In this Mortgage 2.0 world we can utilize technology to work for us by capturing more business by extending our reach and delivering rapid responses with accurate pricing that ultimately leads to closing more deals.

Like Web 2.0, the heart of the Mortgage 2.0 transformation needs to be collaboration and integration.  We need to bridge the different areas of our industry so that we can more openly and seamlessly work together.  Now more than ever ours is a service industry and to truly differentiate ourselves we need to deliver unmatched services. Most originators don’t even realize that 80% of their business is gained or lost before they even get the loan application.

If you can get your Internet, home phone, satellite TV and cell phone through one provider on one bill at home, why can’t you bundle your mortgage processes?

Bundled services bridge the many tools of our industry and allow us to be competitive in today’s tight market without breaking the bank. Managing costs is a primary concern of anyone in this industry, and if we can do it without losing any of our processes – better yet, if we can do it while building upon our existing service – it becomes a no-brainer.

It’s time to simplify.  There is no reason why we can’t bridge all aspects of our work with a single tool that offers a multitude of solutions.  Instead of looking for the quick fix, we need to think about how we can build an adaptive technology into our processes so that when the “next big thing” comes around we already have the capacity to handle it.

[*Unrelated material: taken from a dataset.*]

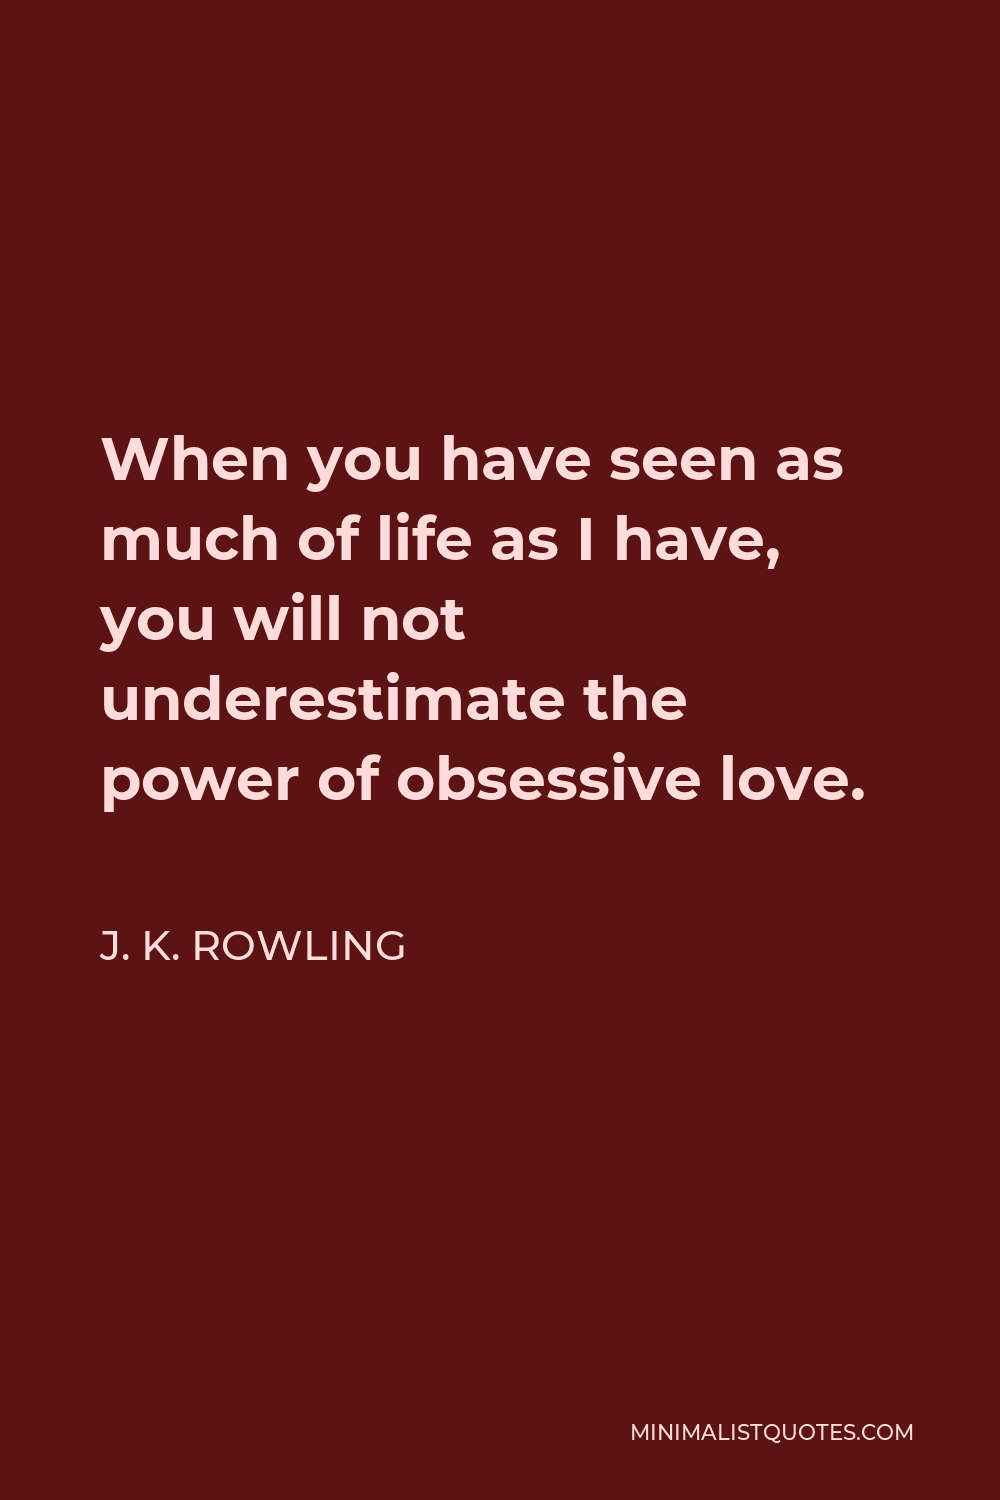 J. K. Rowling Quote - When you have seen as much of life as I have, you will not underestimate the power of obsessive love.

Through a single portal we should be able to manage our website, communicate with Realtors, title, escrow and our clients.  We should be able to sort and prioritize our leads.  We should be able to finesse our clients’ credit, deliver an online loan application, and close the deal with one tool. We need to make it easy for our team and for our clients to access their loan.  We need to bridge relationships instead of hindering them.

With our feet now firmly planted in 2008, it is clear that the mortgage industry is still in the throws of an identity crisis.  The loan closures we used to take for granted continue to dry up.  Prospective clients are harder to qualify.  People are holding onto their homes longer than they might otherwise as they wait out the downturn. 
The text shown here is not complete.